Mike was mostly buried, but amazingly unshaken

Lesson 4: Stick to the plan! 

For us, this was the perfect storm: I expected us to ski the same line as before, with the same discipline that had worked so well all morning. But we let our guard down, just as we added the extra players to the mix and as the temperature went through the roof. Back on a familiar slope, our team fanned out to find fresh snow. With the increased demand, some strayed onto virgin snow that had not previously been skied, and still harboured that weakness. 

Lesson 5: There is no such thing as security in numbers: more people, more load, more pressure to spread out. 

The rest all happened so fast, and with that eerie silence that anyone who knows, will recognise. A shallow (30cm) crown wall was enough to carry Mike and Jim down the slope. A short slide, but a significant volume of snow, meant this was instantly serious enough. The radios crackled to life and, gathering the rest of the team, we safely skied the planned line. The years of training kicked in, and we quickly established the team were all accounted for.  

Lesson 6: Radios for techy tree-skiing are key. We had four in the team. Made it really easy to check in, get a headcount and get up to speed on the plan. 

Mike was mostly buried, but amazingly unshaken (although we never did find one of Mike’s skis, despite extensive probing). Jim had badly tweaked a knee. But the fear the whole team experienced (and the lessons we learnt) will last far longer than any of that. Once you trigger a slope, you are instantly completely and utterly out of control. It all happens so fast – and the difference between walking away and losing the whole team is so tiny that it is genuinely frightening. The full consequences largely depend on your behaviours and positions in that instant.  

Sun warming the right side

Lesson 7: The gap from near miss to complete disaster is smaller than you think! So always be ready…  

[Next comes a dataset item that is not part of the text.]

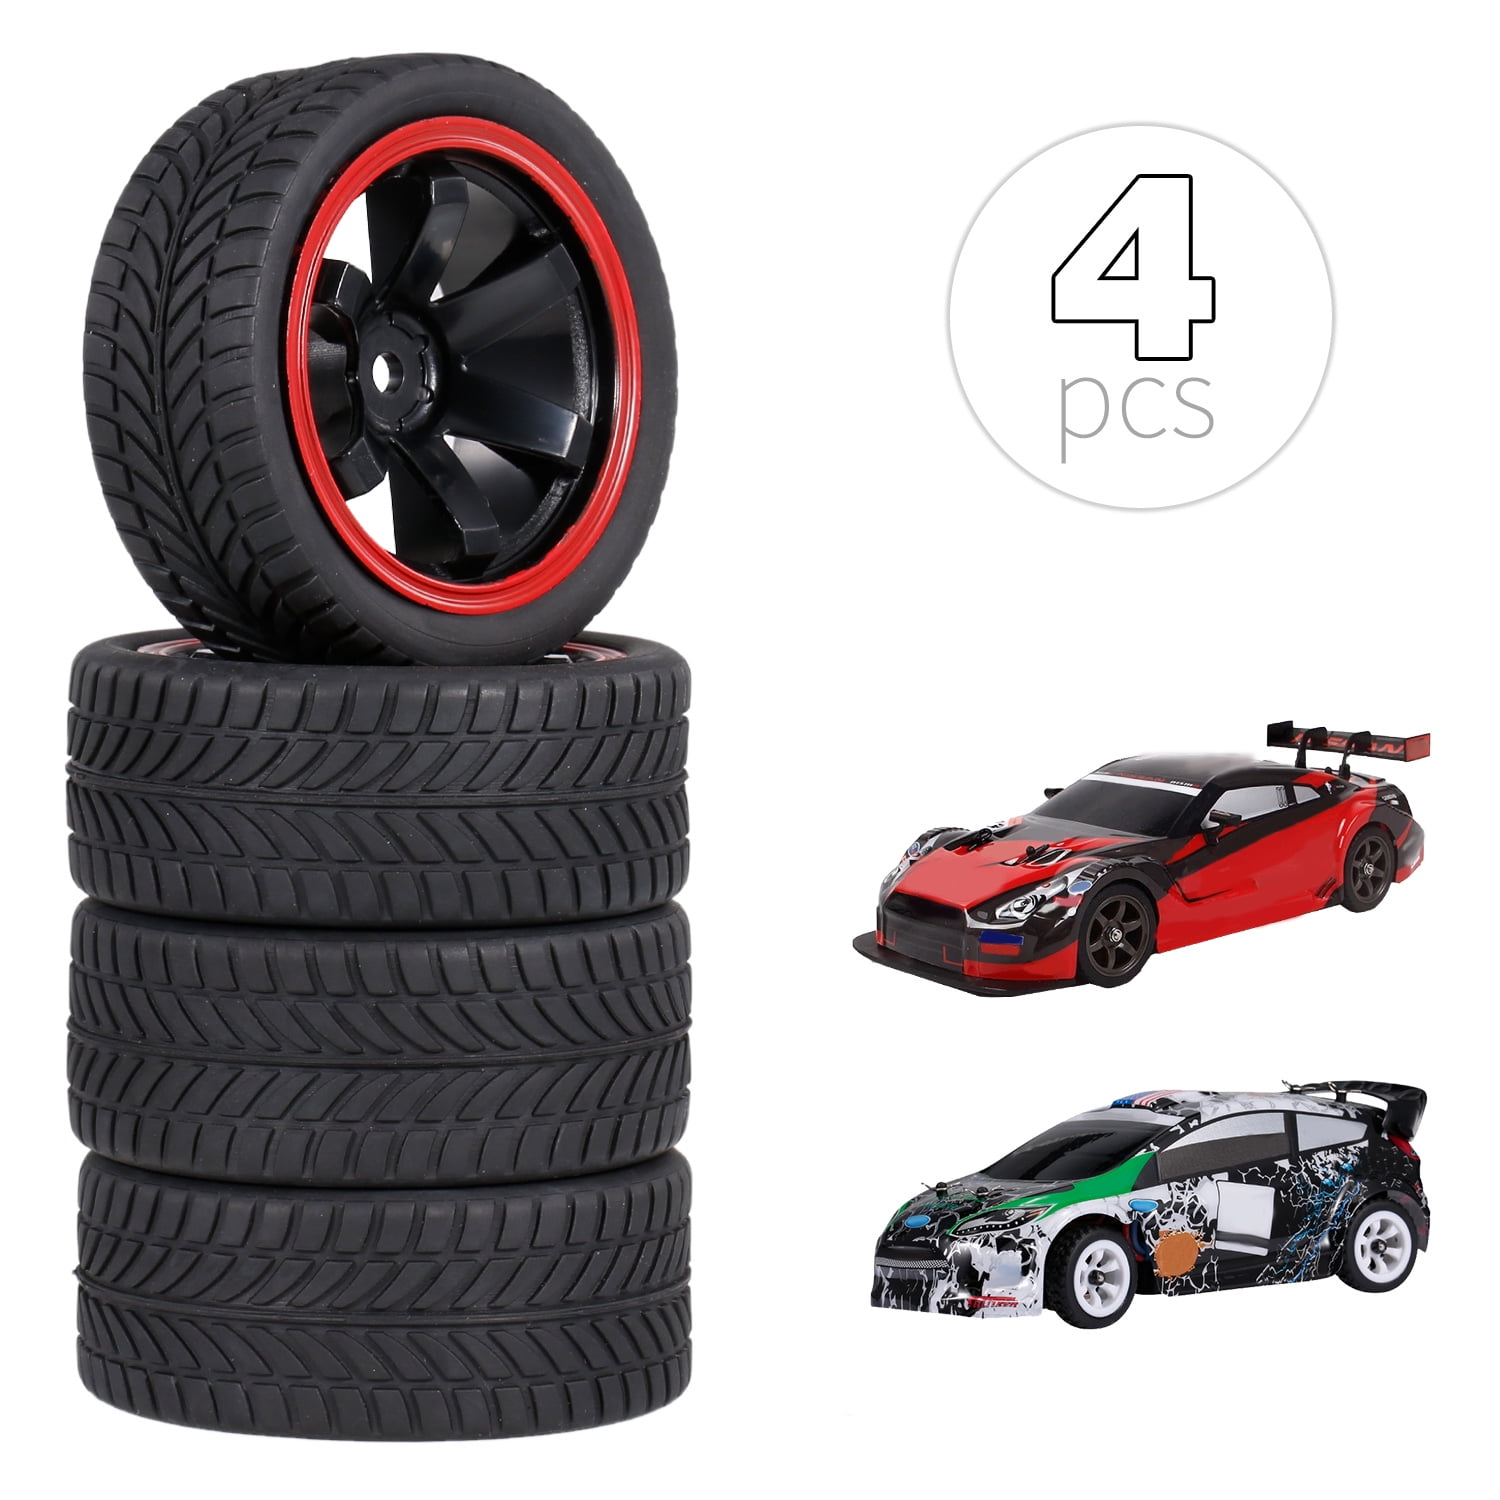 For HSP 1/10 On-Road Racing Car Rim02H-8006 Details about   RC Grip Rubber Tires & Wheel 4P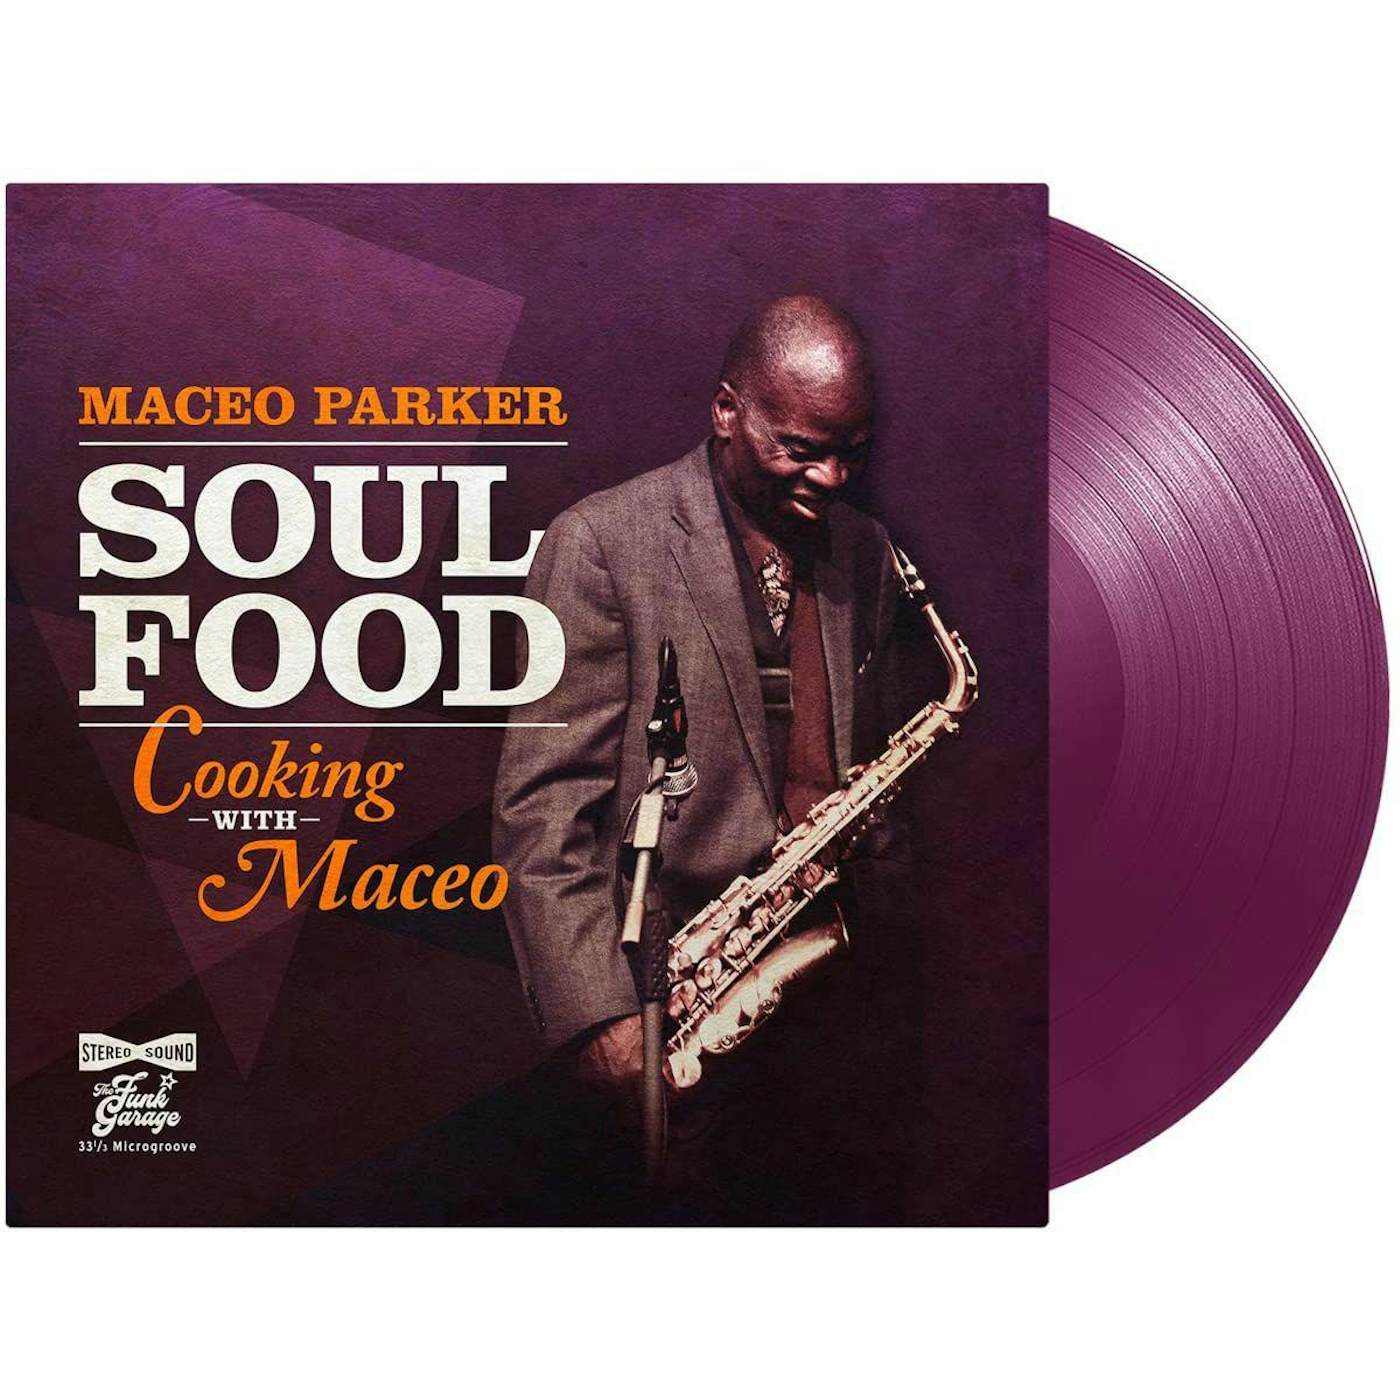 Maceo Parker Soul Food - Cooking With Maceo (140g/Purple) Vinyl Record

Literally limping back to the resort, we all recognised that it could have been so much worse – if we hadn’t been so conservative, we could have been in the high alpine, rather than tree line. We subsequently discovered that spike in temperature triggered several unexpected slides. Others were not so fortunate.  

We might have reduced the risks, and the consequences, all day – but this was still WAY closer to the limit than I ever want to get again. So many humbling lessons to learn. If this article saves just one avalanche incident it will have been worth sharing.